When a molecule binds to a protein – or sticks into a protein’s active ‘pocket’ – its overall mass changes. Mass spectrometry can detect this change to indicate a successful interaction or ‘hit’ within a screening assay. Chemists can then refine the molecule to improve its binding strength and duration, increasing its potential as a therapeutic target.
A notable example is the drug capivasertib – used for treating the most common type of advanced breast cancer – which targets the protein AKT and was discovered by AstraZeneca subsequent to a collaboration with Astex Pharmaceuticals (and its collaboration with the ICR and Cancer Research Technology Limited). Every potential drug discovered at the ICR, from early ‘hits’ to ones that enter clinical trials, has undergone characterisation by the Structural Chemistry team using mass spectrometry and NMR, underscoring the importance of these technologies in the drug discovery pipeline.
Amin said: “I’ve been very fortunate in that during the 26 years I have been at the ICR, every drug that’s gone into the clinic has passed through our hands.”
Image: 3D-printed model of the targeted PARP-inhibitor drug Olaparib.

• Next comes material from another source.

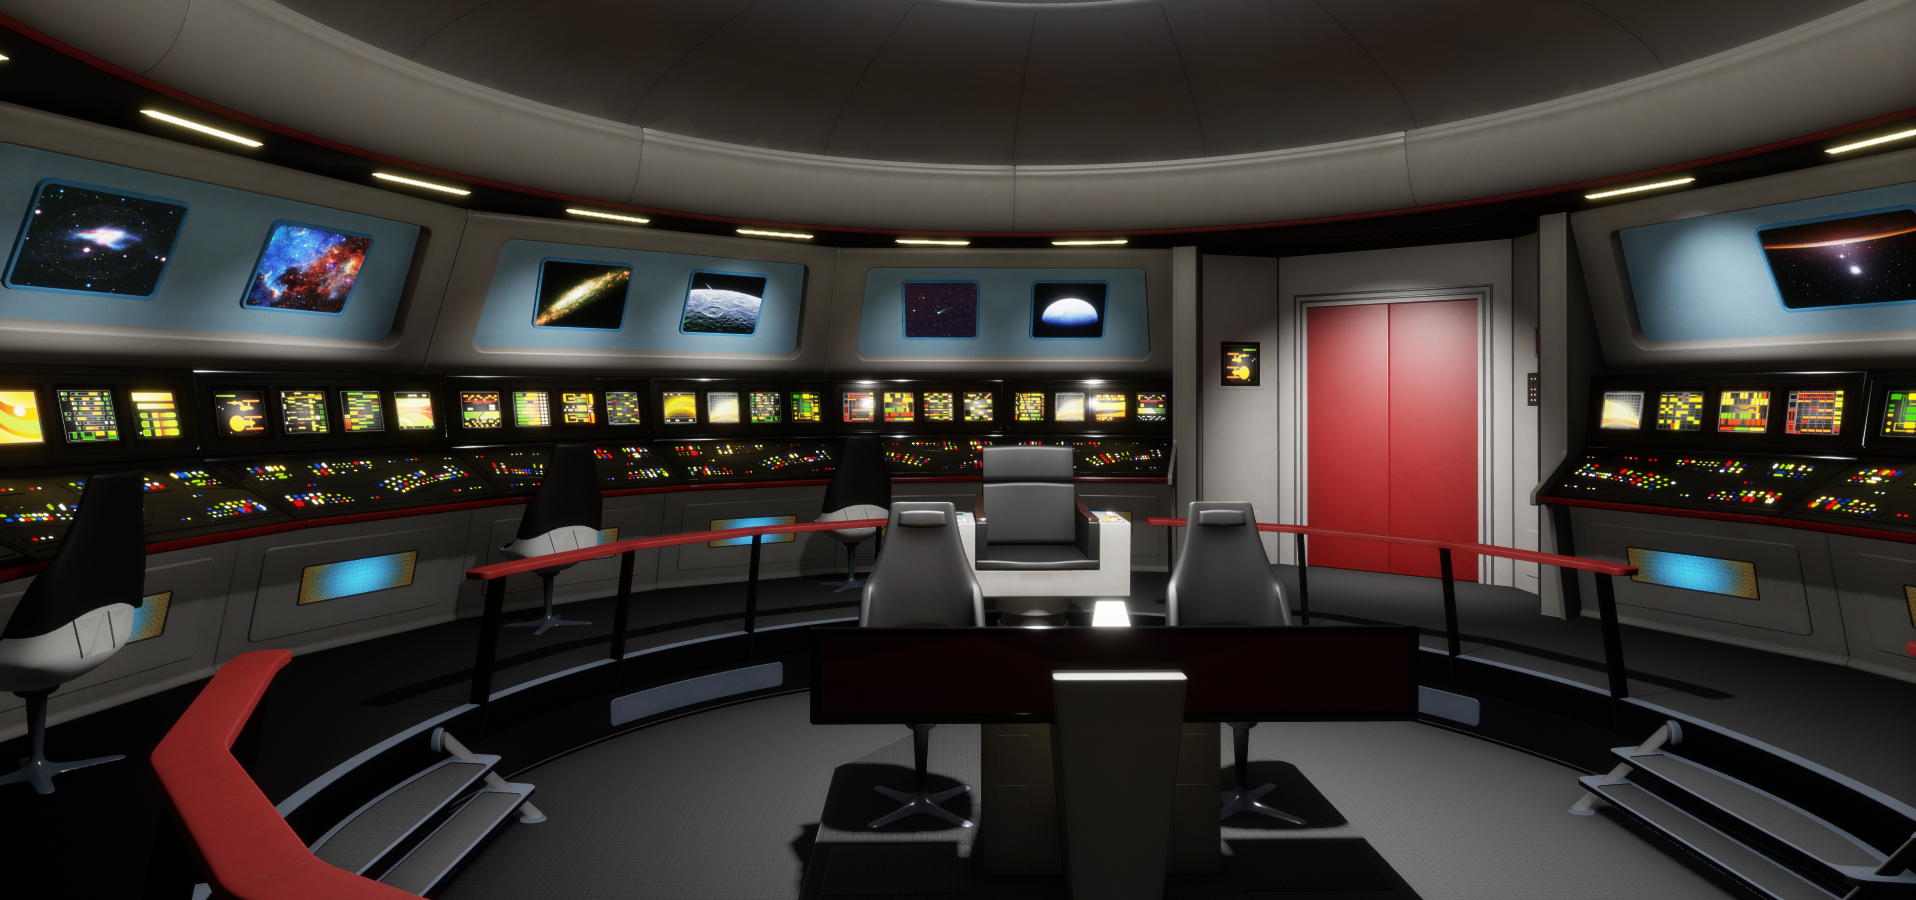 Star Trek Strange New Worlds  Which Deck Do They Keep the Whales On   More Enterprise Design Secrets  Den of Geek

Innovation by customisation
The ICR is known for its innovative approach to technology, often modifying commercial instruments to meet specific research needs. The new mass spectrometry screening platform, funded by Garfield Weston, is a prime example. Once fully operational it will be the only system of its kind in the world.
The platform is based on a concept developed by Professor Ron Quinn in Brisbane, who pioneered a new method of mass spectrometry-based screening. A member of the ICR team, Beth Jago, Higher Scientific Officer in Medicinal Chemistry, received funding from the Knowledge Exchange Placement run by the United Kingdom Institute for Technical Skills and Strategy to train with Professor Quinn and bring the expertise back to London. The technique has already been tested as proof of concept on an old mass spectrometer and will be fully implemented onto the new platform.
Amin said: “Unlike traditional academic setups that often build prototype instruments from scratch, the ICR adapts commercial systems to create highly specialised tools. This approach allows us to push the boundaries of what’s possible while maintaining reliability and scalability and hopefully inspire others to follow suit.”
Accelerating innovation and impact
With a compound library of more than 200,000 molecules at the ICR, the ability to screen efficiently is essential. Mass spectrometry and NMR enable researchers to test small or large mixtures, depending on the experimental design. Computational chemists help concoct mixtures that don’t interfere with each other in the assay, to maximise the chance of identifying promising ‘hits’.
These technologies not only accelerate the pace of discovery but also improve the accuracy and reproducibility of results. By providing detailed insights into molecular identity and interaction, they help researchers make informed decisions and prioritise compounds for further development.
Amin said: “The continued advancement of drug discovery at the ICR is made possible by the generosity of donors and funders. Technologies such as mass spectrometry and NMR are vital tools in our wheelhouse in the fight against cancer, and their presence in our labs reflects the commitment of those who believe in our mission.”
Every drug discovery project at the ICR has, at some stage, relied on the expertise of the Structural Chemistry team and the technologies they use. With ongoing support, the Centre for Cancer Drug Discovery will remain at the forefront of innovation – developing new treatments and bringing hope to people affected by cancer.